A shorter walk in the morning would be fine, but a longer more interesting one in the afternoon is a must with as much off the lead time as possible. These dogs also like to be able to roam around a back garden so they can really let off steam. However, the fencing has to be extremely secure to keep these active, high-energy dogs in because if they find a weakness in the fence, they will soon escape and could get into all sorts of trouble, bearing in mind that Glens are expert diggers.
With this said, Glen puppies should not be over exercised because their joints and bones are still growing. This includes not letting a dog jump up and down from furniture or going up or down the stairs. Too much pressure placed on their joints and spines at an early age could result in a dog developing serious problems later in their lives.
If you get a Glen puppy from a breeder, they would give you a feeding schedule and it's important to stick to the same routine, feeding the same puppy food to avoid any tummy upsets. You can change a puppy's diet, but this needs to be done very gradually always making sure they don't develop any digestive upsets and if they do, it's best to put them back on their original diet and to discuss things with the vet before attempting to change it again.
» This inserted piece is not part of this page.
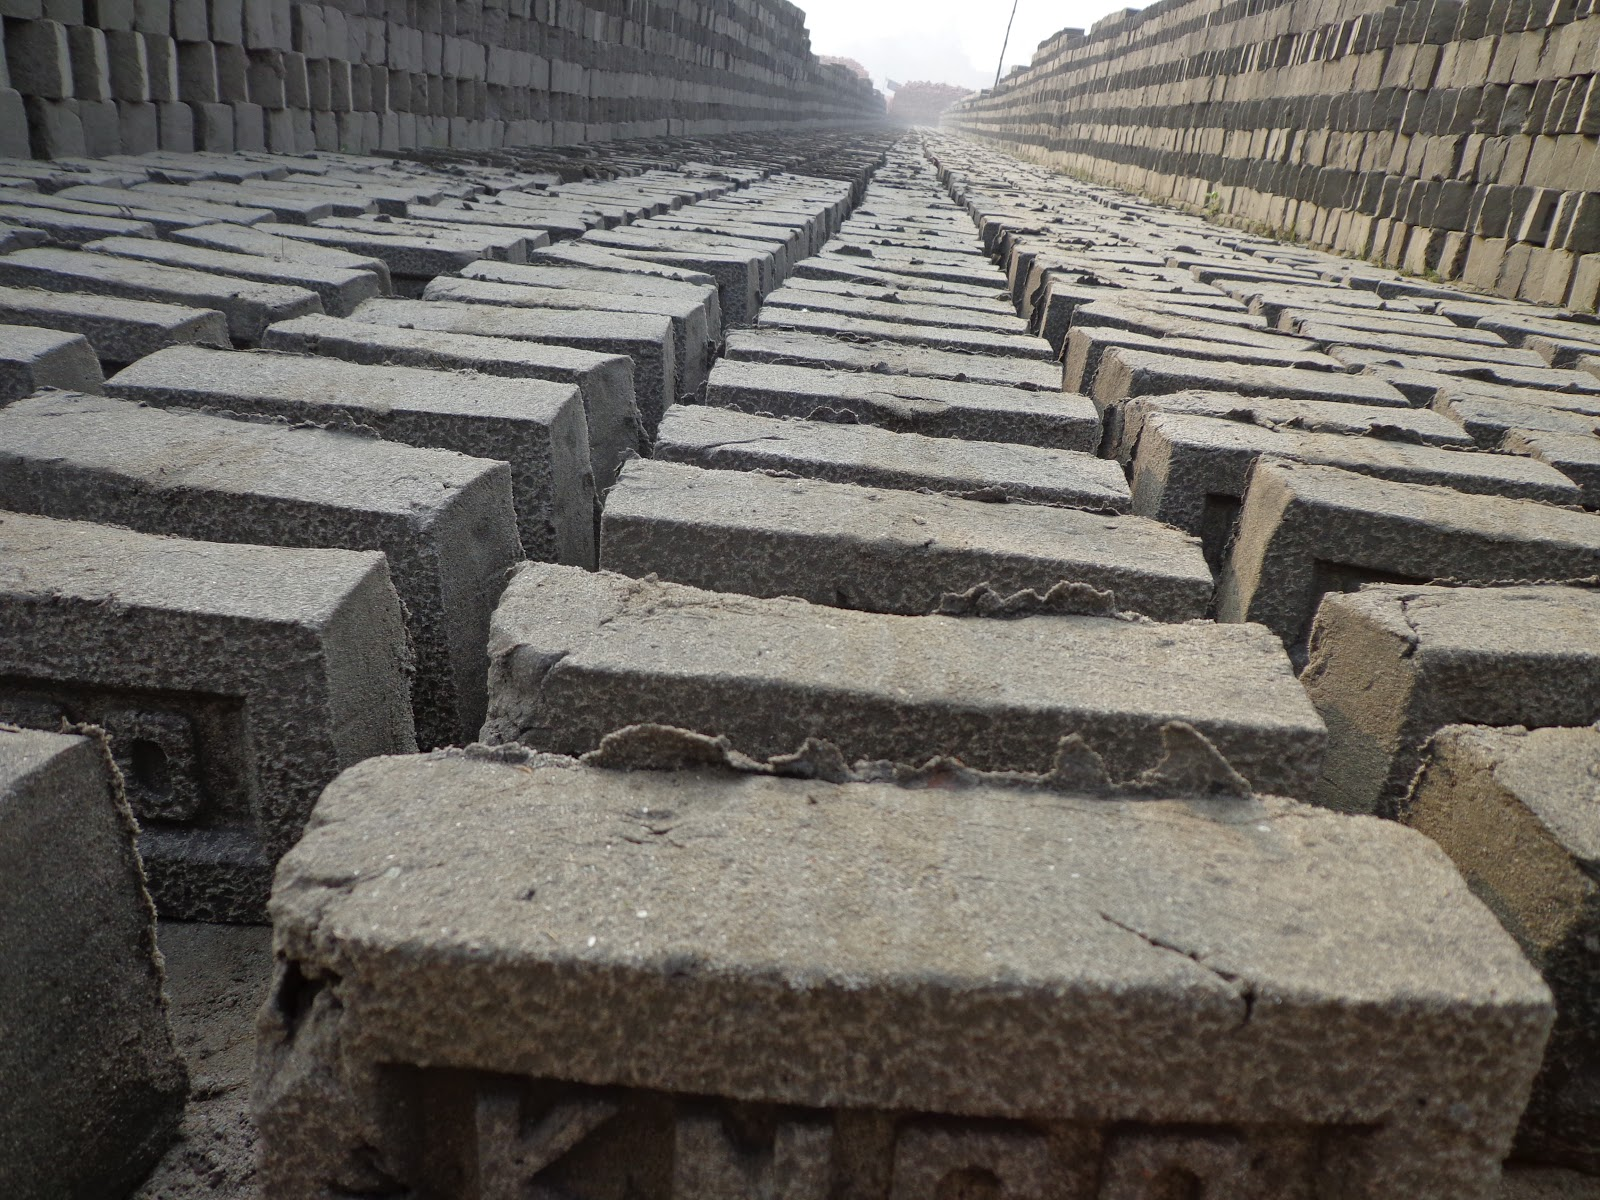 How Do You Make Clay Bricks : What would she say how do you make a brick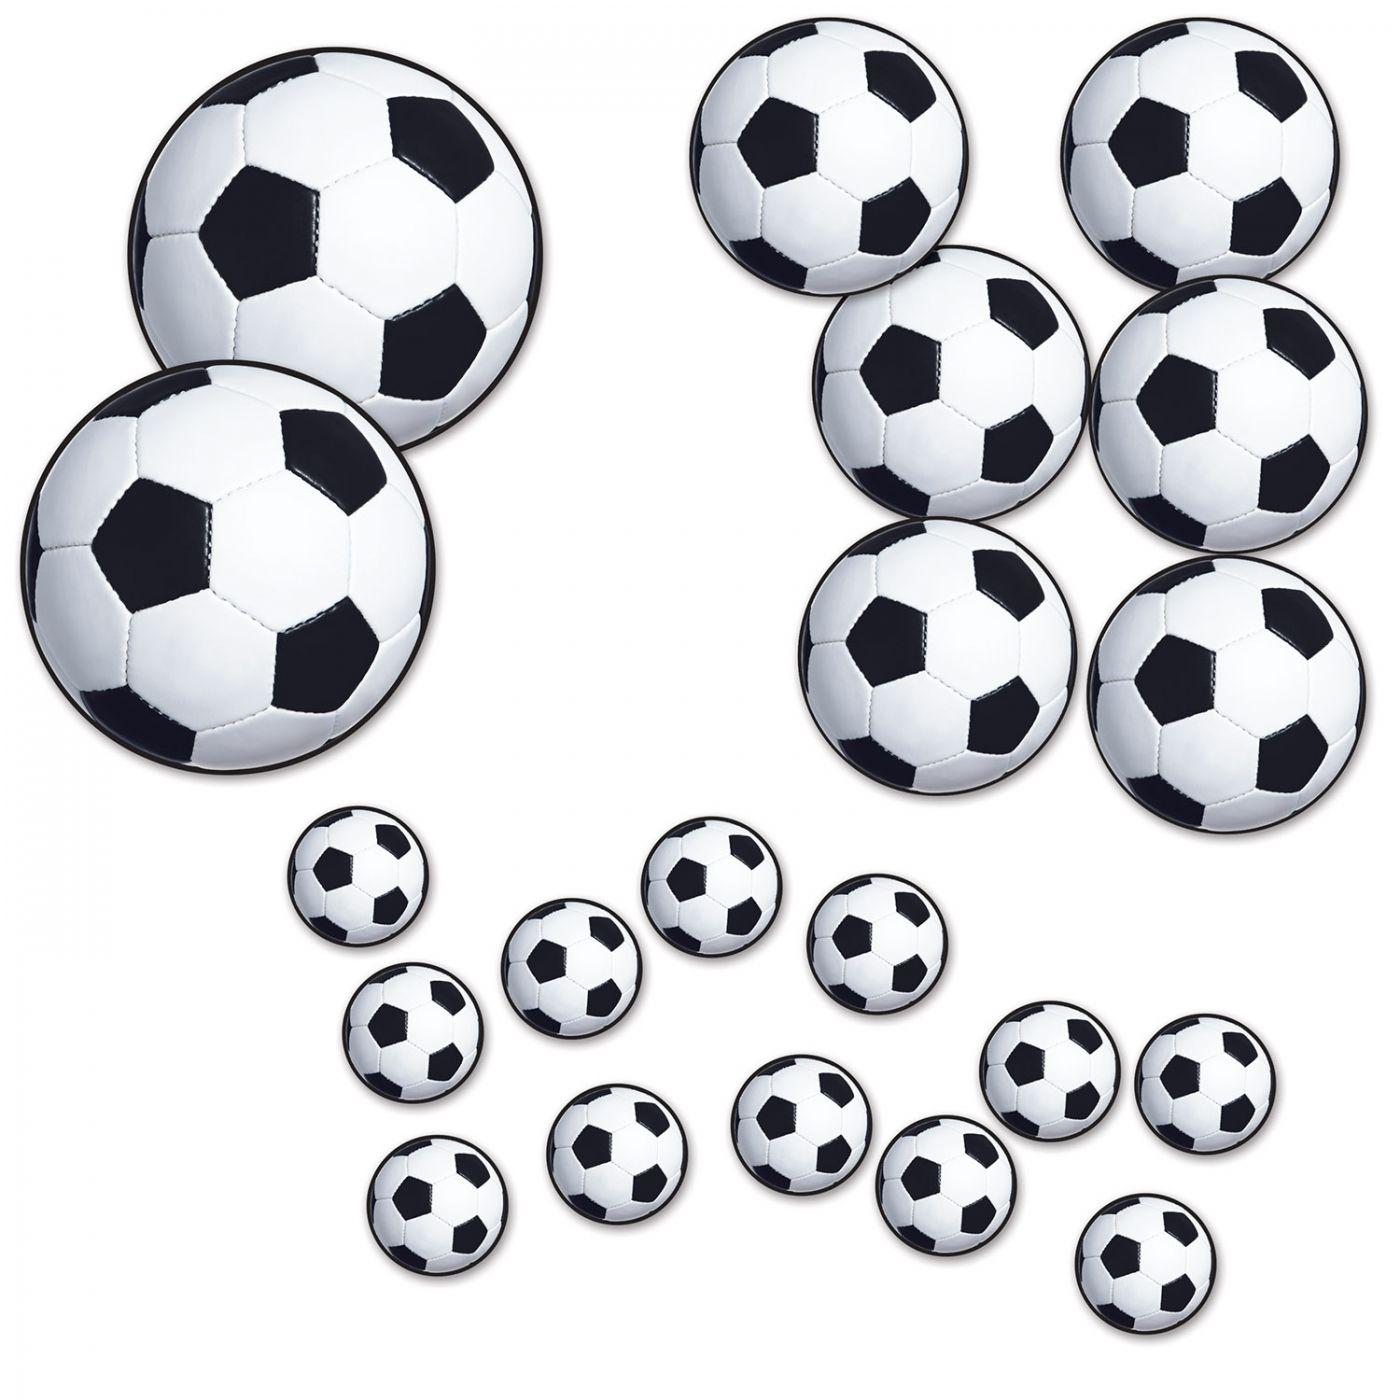 Soccer Ball Cutouts image

Older dogs are not known to be fussy eaters, but this does not mean they can be given a lower quality diet. It's best to feed a mature dog twice a day, once in the morning and then again in the evening, making sure it's good quality food that meets all their nutritional requirements. It's also important that dogs be given the right amount of exercise so they burn off any excess calories or they might gain too much weight which can lead to all sorts of health issues. Obesity can shorten a dog's life by several years so it's important to keep an eye on their waistline from the word go.
If you are looking to buy a Glen, you would need to register your interest with breeders and agree to being put on a waiting list because very few puppies are bred and registered with The Kennel Club every year. You would need to pay anything upwards of £500 for a well-bred pedigree puppy.
The cost of insuring a male 3-year-old Glen of Imaal Terrier in northern England would be £18.35 a month for basic cover but for a lifetime policy, this would set you back £41.75 a month (quote as of August 2016). When insurance companies calculate a pet's premium, they factor in several things which includes where you live in the UK, a dog's age and whether or not they have been neutered or spayed among other things.
When it comes to food costs, you need to buy the best quality food whether wet or dry making sure it suits the different stages of a dog’s life. This would set you back between £20 - £30 a month. On top of all of this, you need to factor in veterinary costs if you want to share your home with a Glen and this includes their initial vaccinations, their annual boosters, the cost of neutering or spaying a dog when the time is right and their yearly health checks, all of which quickly adds up to over £800 a year.
As a rough guide, the average cost to keep and care for a Glen of Imaal Terrier would be between £50 to £80 a month depending on the level of insurance cover you opt to buy for your dog, but this does not include the initial cost of buying a well-bred pedigree puppy.